Sounds of Yester Year DSOY 819
(distributed by The Woods)

 

 


1. Ridin' a Riff
2. Lonely Night
3. Nimble Feet
4. When Gabriel Blows His Horn
5. Midnight Special
6. Silver Dollar Polka
7. Winter Time
8. Lady from Castile
9. Go Way, Love, Go Way
10. Hysterical Boogie
11. Dixie Party
12. Dust Bowl
13. Footprints
14. Tasty Dish
15. Who Cut the Gorgonzola?
16. On a Boogie Beam
17. A Little Time to Dream
18. Jungle Magic
19. A La Carte
20. Roly Poly Polka
21. Conga Roo
22. Bayou Ballad
23. Slow Freight
24. On the Front Burner
25. Eight O'Clock Date
26. On the South Side

Will Bradley - Trombone
Billy Butterfield - Trumpet
Paul Ricci - Clarinet, alto sax
Sal Amato - Tenor sax
Stan Freeman - Piano
Tony Mottola - Guitar
Chubby Jackson - Bass
Terry Snyder - Drums

 

Will Bradley was a bandleader who may be neglected today, but at one time he was a highly considered instrumentalist. An even better-known trombonist, Glenn Miller, said of him: "Will Bradley can do more things better than any trombone player I ever heard". Will played with the likes of Red Nichols, Victor Young and Ray Noble. Bradley's heyday was in the late thirties and early fortiues, when the big band he formed with drummer Ray McKinley had some notable hits in boogie-woogie style, including Hit Me Daddy, Eight to the Bar and Scrub Me Mama with a Boogie Beat.

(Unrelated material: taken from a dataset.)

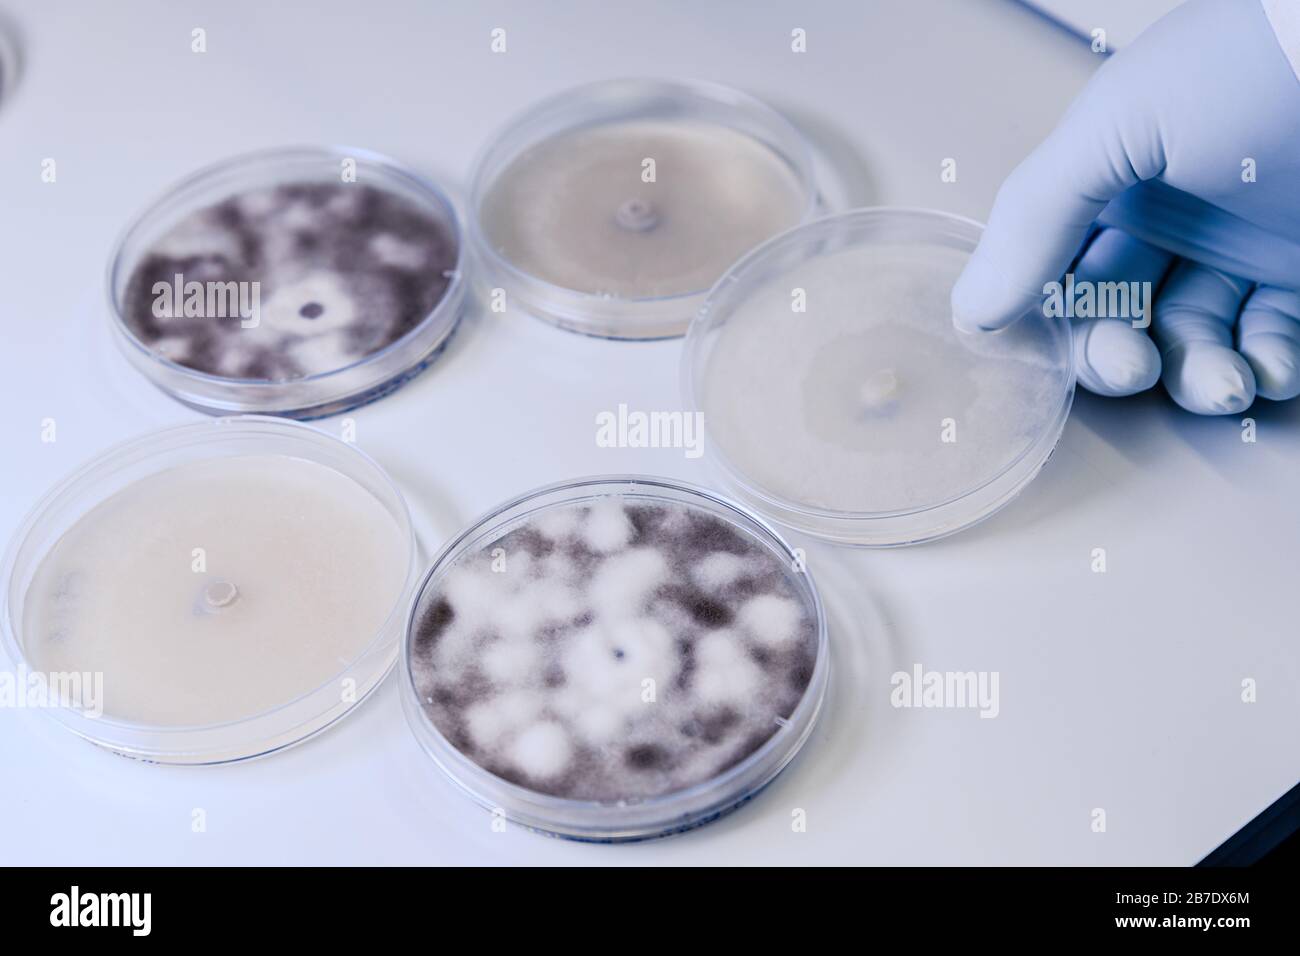 Scientific handling Microbiological cultures in a petri dish for pharmaceutical bioscience research. Concept of science, laboratory and study of disea Stock Photo

The recordings on this CD were made in the late 1950s by an octet which Bradley assembled with a mouth-watering line-up. I expected great things from a band that included trumpeter Billy Butterfield, pianist Stan Freeman, bassist Chubby Jackson and drummer Terry Snyder. My expectations were somewhat lessened when I actually heard the record. The opening track is a swinging piece which gives many of the musicians (notably Russ Freeman) opportunities for jazz solos. But the album also contains some easy-listening dance music, such as Lonely Night, Winter Time and Footprints which are very much in the Tommy Dorsey vein of sweet trombone rhapsodies, and Nimble Feet which is like a jolly piece of light novelty music.

When Gabriel Blows His Horn gives rein to the cogent trumpet of Billy Butterfield, but Silver Dollar Polka is an oompah number which includes an unexpected xylophonist, and Lady from Castile is a straightforward tango with uncredited flute, vibes and what sounds like an oboe. The jokey Who Cut the Gorgonzola? even reminds me of Spike Jones and his City Slickers, complete with vaudeville sound effects.

Hysterical Boogie and On a Boogie Beam return Bradley to the style which made him famous. Jazzier tracks include Dixie Party (with a hot solo from Butterfield) and the bluesy Slow Freight.

So the jazz content on this album is variable but the arrangements are resourceful and the musicians are all top-flight, making for some pleasurable listening.